Page 105 - The Real Work Of Data Science Turning Data Into Information, Better Decisions, And Stronger Organizations by Ron S. Kenett, Thomas C. Redman (z-lib.org)_Neat
P. 105
98 Appendix D
New regulations, including the EU’s GDPR and the United States’ updated Common Rule
(called the Final Rule), impact the use of data about people. Both regulations relate to protecting
individuals’ rights to determine how their private information is used, in turn impacting and
affecting data collection, access, and data movement within the same country/region and between
industries. GDPR and the Final Rule try to modernize what today constitutes “private data” and
data subjects’ rights and balance them against “free flow of information between countries.”
These regulations, in areas such as health‐care management systems and social media, already
have significant impact on the work of data scientists (Shmueli 2018), and these impacts will
only grow. Finding out, after the fact, how to comply with such regulations is obviously not a
good idea.
Political campaigns are another domain where data science can have severe repercussions.

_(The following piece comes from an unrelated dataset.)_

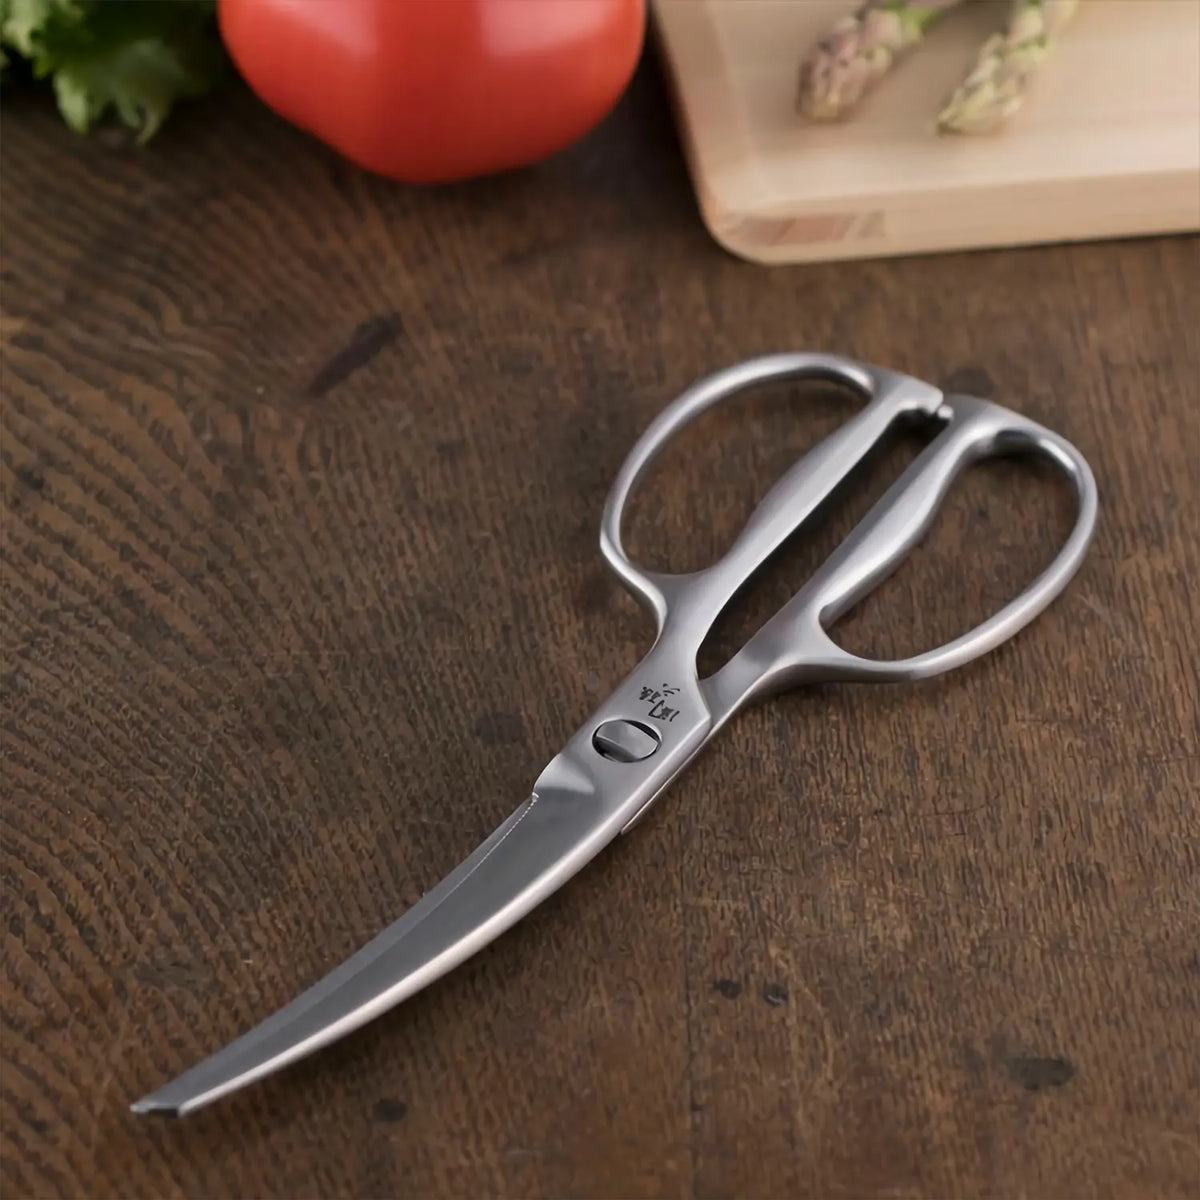 Seki Magoroku All Stainless Steel Kitchen Scissors

Election surveys not only provide information, they can also impact voter choices and whether
voters go to the polls. In this and other contexts, the ability to target fake news is a reality data
scientists need to face. For more on election surveys, see Kenett et al. (2018).
Further, as we described in Chapter 6, data scientists must always worry whether the data
they analyze can be trusted. These concerns are exacerbated by the access control, data
anonymization, and privacy‐preserving sharing arrangements needed to keep data private (see
Srivastiva et al. 2019). Thus, for data deemed private, data scientists may face an added layer
of complexity when it comes to trust and quality.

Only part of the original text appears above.